SBT Brasília (ZYP 306)
- Brasília, Federal District; Brazil;
- Channels: Digital: 24 (UHF); Virtual: 12;
- Branding: SBT Brasília

Programming
- Affiliations: Sistema Brasileiro de Televisão

Ownership
- Owner: Grupo Silvio Santos; (TV Studios de Brasília Ltda.);

History
- First air date: July 14, 1986
- Former call signs: ZYB 509 (1986-2018)
- Former names: TVS Brasília (1986-1990) SBT Distrito Federal
- Former channel numbers: Analog: 12 (VHF, 1986-2016)

Technical information
- Licensing authority: ANATEL
- ERP: 3 kW
- Transmitter coordinates: 15°41′57.3″S 47°49′46.6″W﻿ / ﻿15.699250°S 47.829611°W

Links
- Public license information: Profile
- Website: sbt.com.br/brasilia/home

= SBT Brasília =

SBT Brasília (channel 12) is a Brazilian television station headquartered in Brasília, Federal District. It operates on channel 12 (24 UHF digital), and is a SBT-owned station. Due to reception difficulties in some areas, it also operates a relay on UHF channel 27 in Gama. The station maintains its studios in the Palácio da Imprensa Building, located in the Setor de Rádio e Televisão Sul (SRTVS), in the Asa Sul of Plano Piloto, and its transmitters are in the Brasília Digital TV Tower, in the administrative region of Lago Norte.

==History==
VHF channel 12 in Brasília was originally granted to Rede Bandeirantes, after a bidding process in which Rede Manchete also took part, in late 1984, and served to implement the future TV Bandeirantes Brasília. However, president João Figueiredo cancelled the license due to the news coverage the network was doing, which was openly favorable to the redemocratization of the country, and re-licensed 12 (Figueiredo later reverted his decision and granted a new channel for Bandeirantes on the eve of the end of his mandate, on March 13, 1985).

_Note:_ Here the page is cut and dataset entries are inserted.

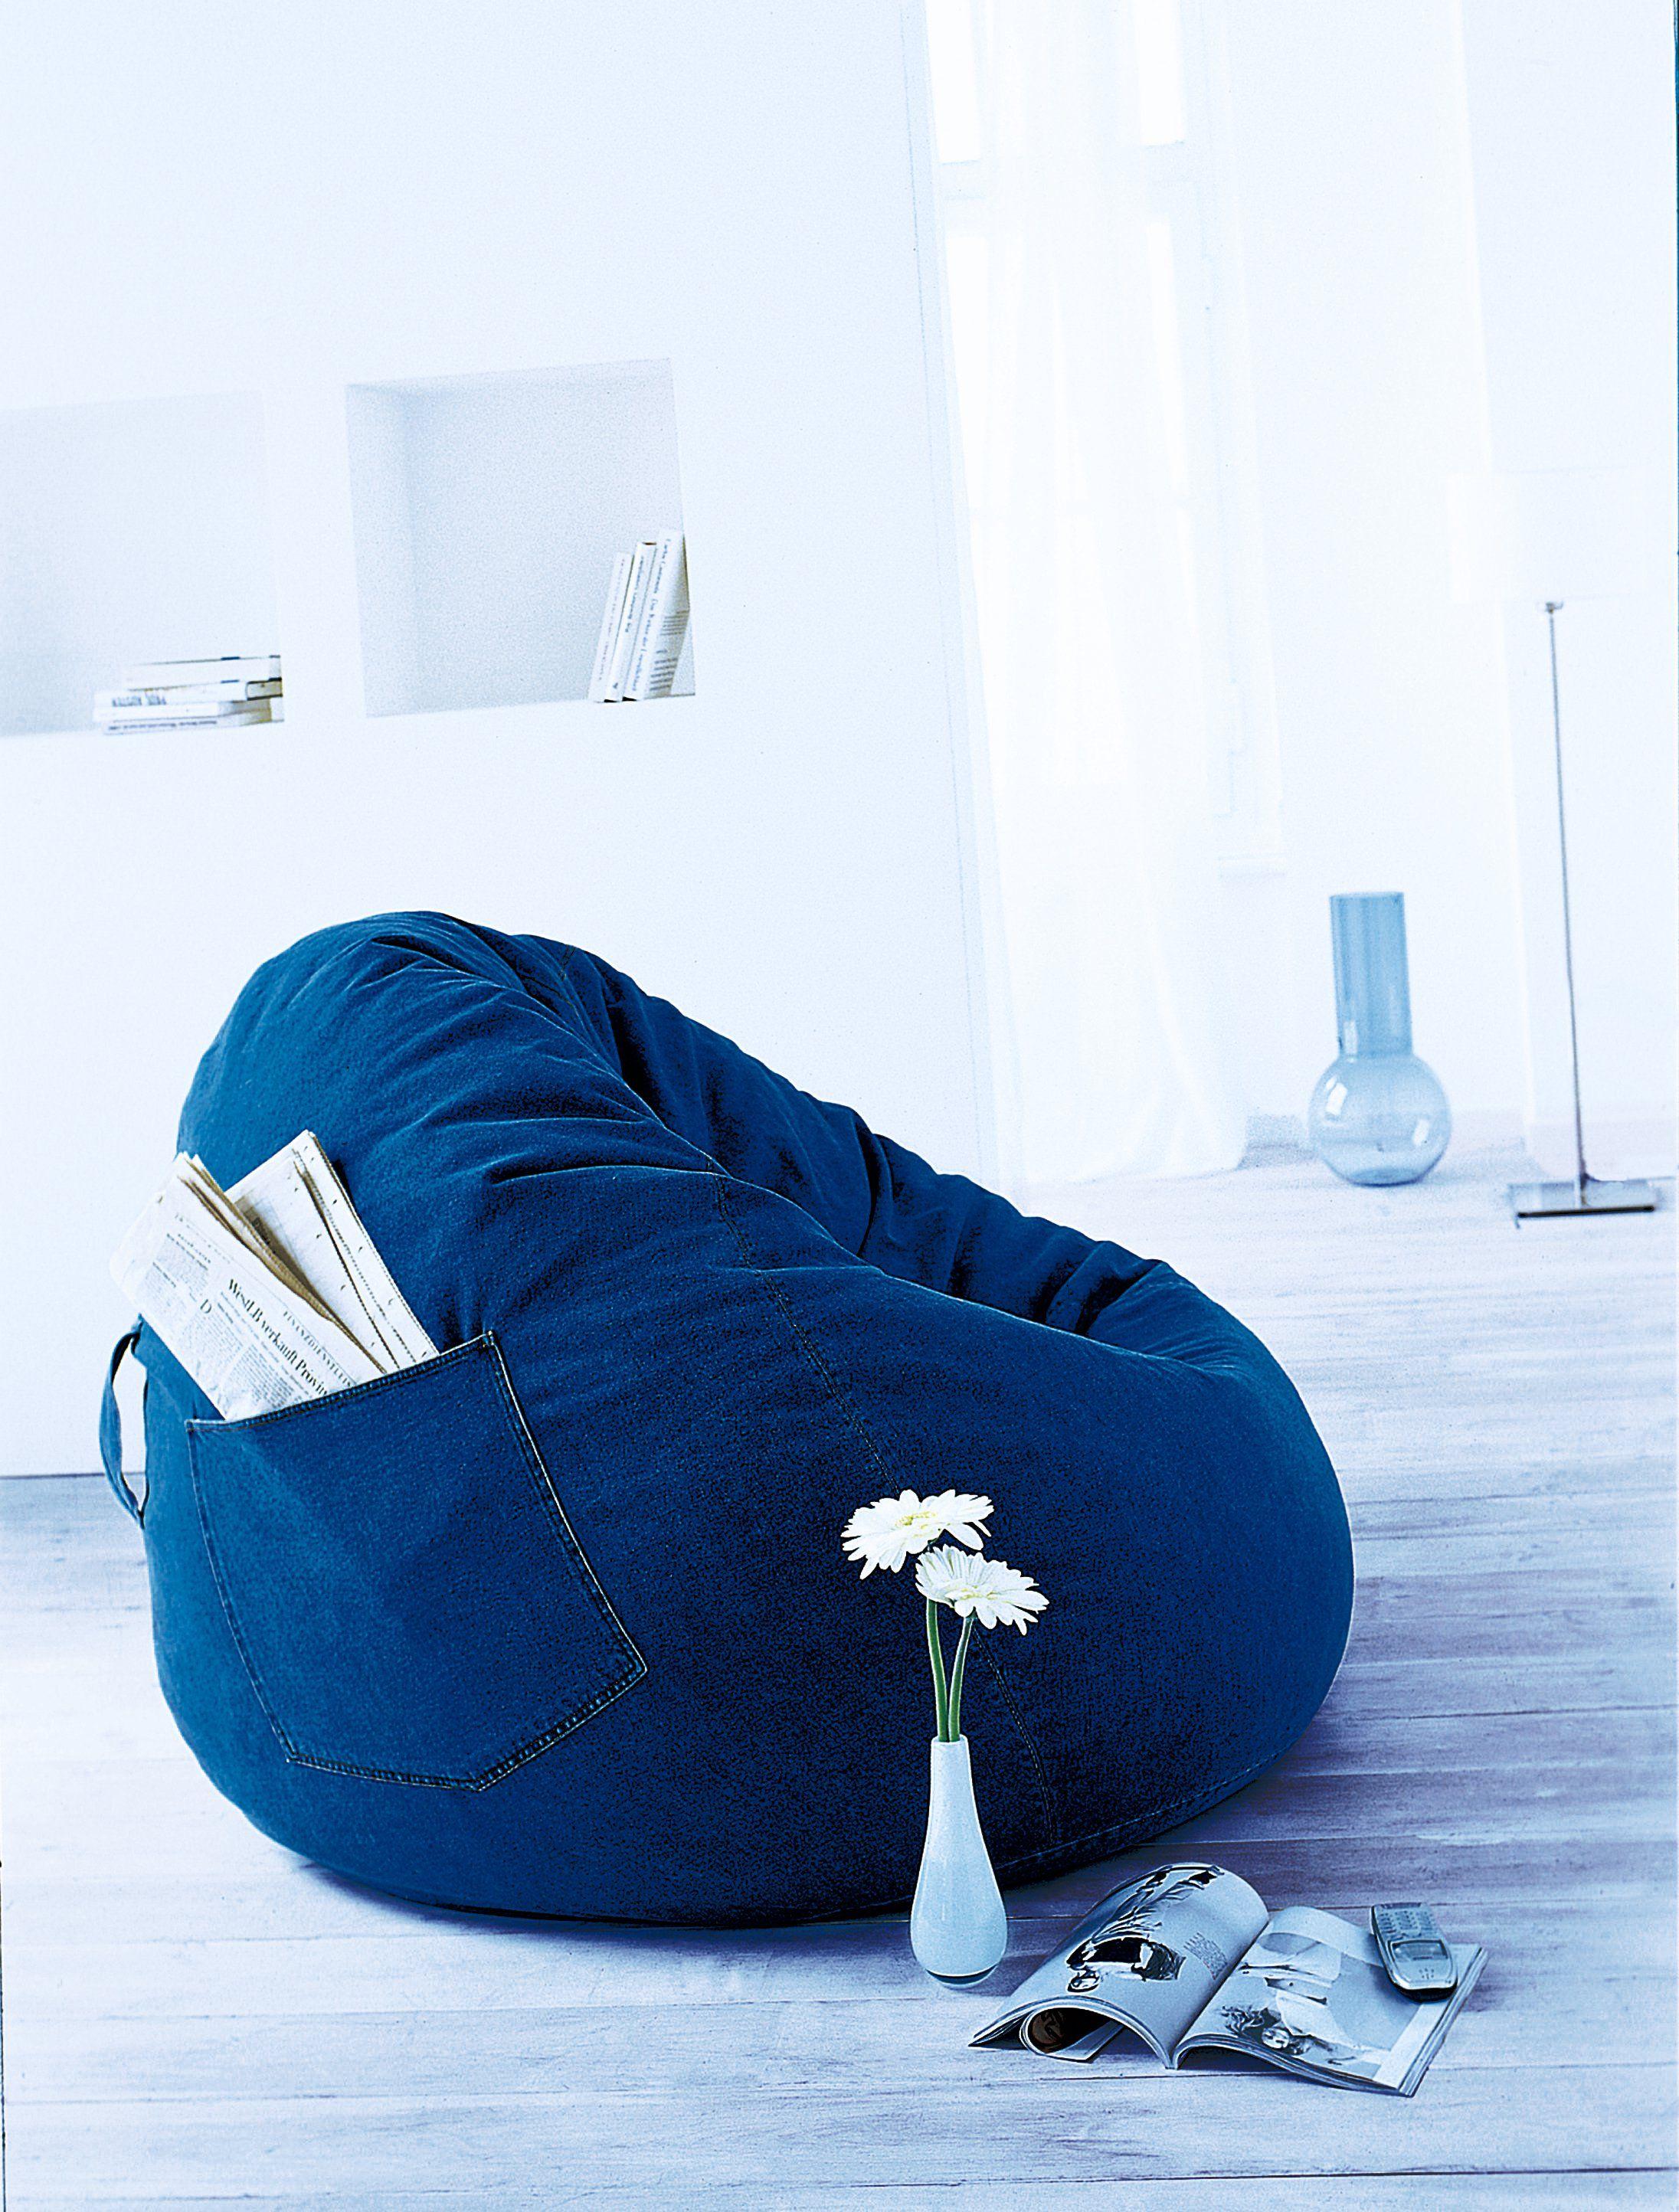 Sitzsack Selber Machen Ganz Easy Mit Dieser Anleitung Das Haus Sitzsack Selber Machen Sitzsack Selber Nähen Sitzsack Nähen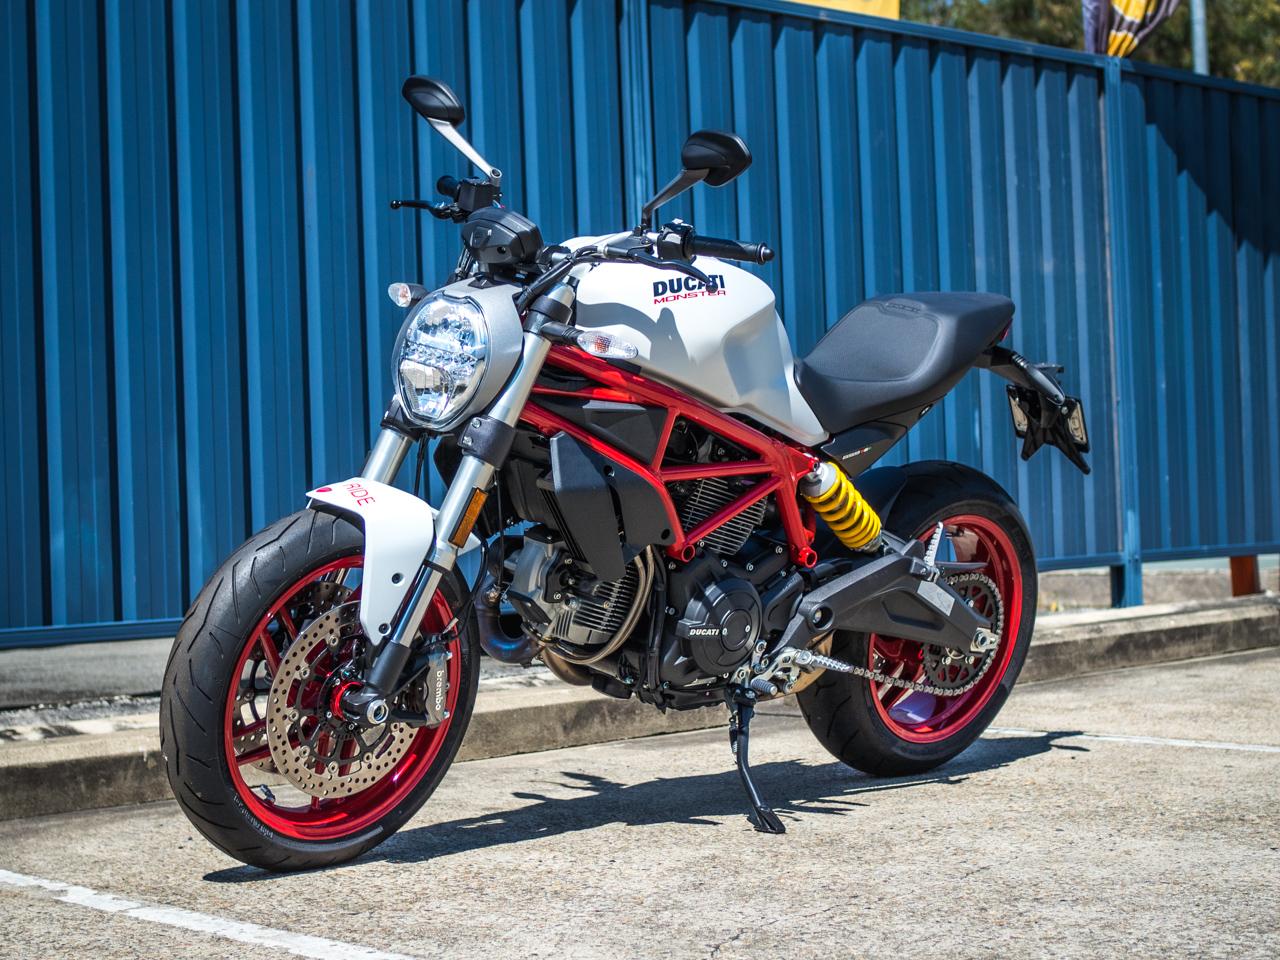 Ducati Monster 659 2018 ⋆ Motorcycles R Us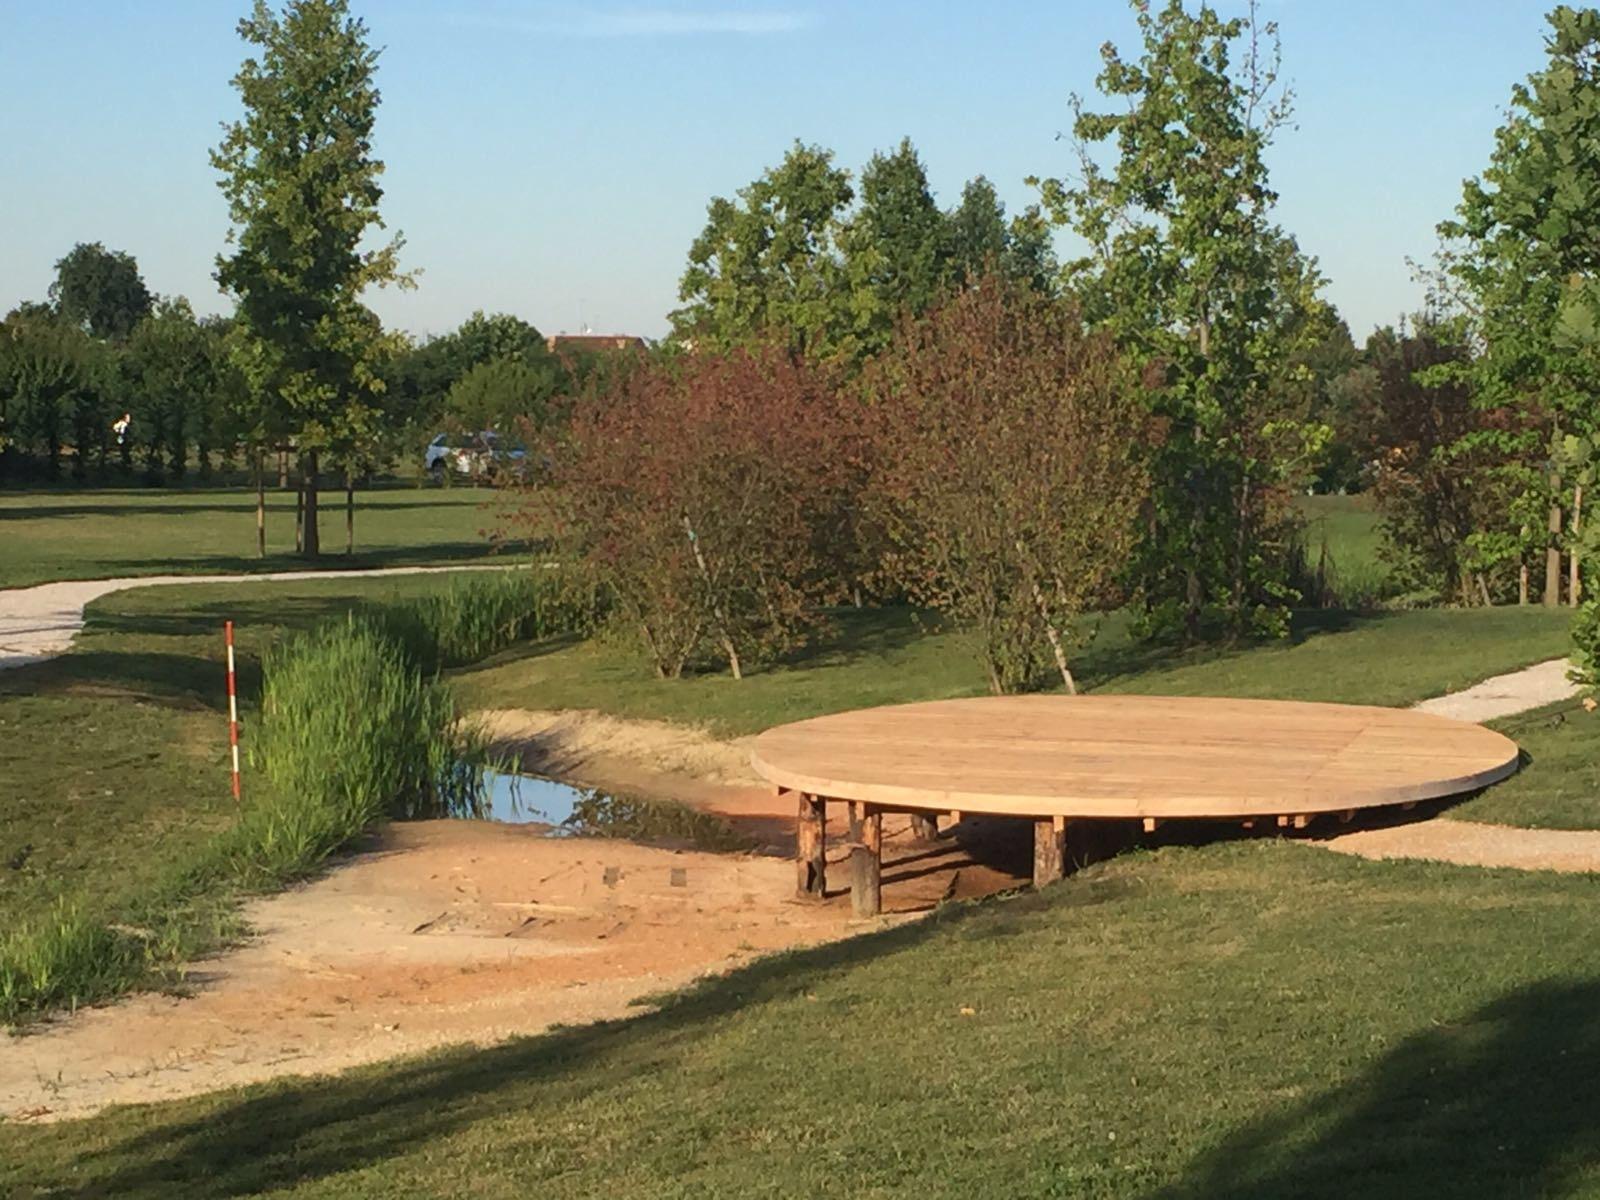 Camminamento per giardino privato dal ben giardini - Progetto giardino privato ...

After the new process, SBT received the license on January 31, 1985. Until then, the network's affiliate in the Federal District was TV Brasília, which became a Rede Manchete affiliate on July 1. However, on track of its inauguration, TVS Brasília also lost its license, after minister of communications Antônio Carlos Magalhães decided to re-examine all 140 radio and television licenses approved by former president Figueiredo, between October 1, 1984 and March 15, 1985. The decision was giving monthly losses off 200 million cruzeiros to SBT.

Still in the same year, Silvio Santos met with president José Sarney to discuss the question, and told Jornal do Brasil that he forbade SBT's journalists to criticize the government. On October 30, the Ministry of Communications told that SBT and Rede Manchete's licenses in Brasília were kept, and that president José Sarney "showed interest in helping the Silvio Santos business group, the only one capable to avoid Globo's monopoly".

Finally, after a test period which started on June 8, only with national programming, TVS Brasília was officially inaugurated on July 14, 1986, holding a cocktail at Academia de Tênis, where the owner of SBT, Silvio Santos, directors of the network and president José Sarney, among other invitees, were present.

With its creation, SBT planned to centralize its national news department in the federal capital, unlike the other networks, who limited to São Paulo and Rio de Janeiro, however, that never happened. In 1990, SBT discontinued the TVS brand in its local stations, and the station was renamed SBT Brasília.

==Technical information==

| Virtual channel | Digital channel | Aspect ratio | Content |
|---|---|---|---|
| 12.1 | 24 UHF | 1080i | SBT Brasília/SBT's main schedule |

The station started its digital broadcasts on October 12, 2009, through UHF channel 24. On August 4, 2014, alongside SBT's other O&Os, it started to air its local programming in high definition. Official confirmation, however, only came on August 25.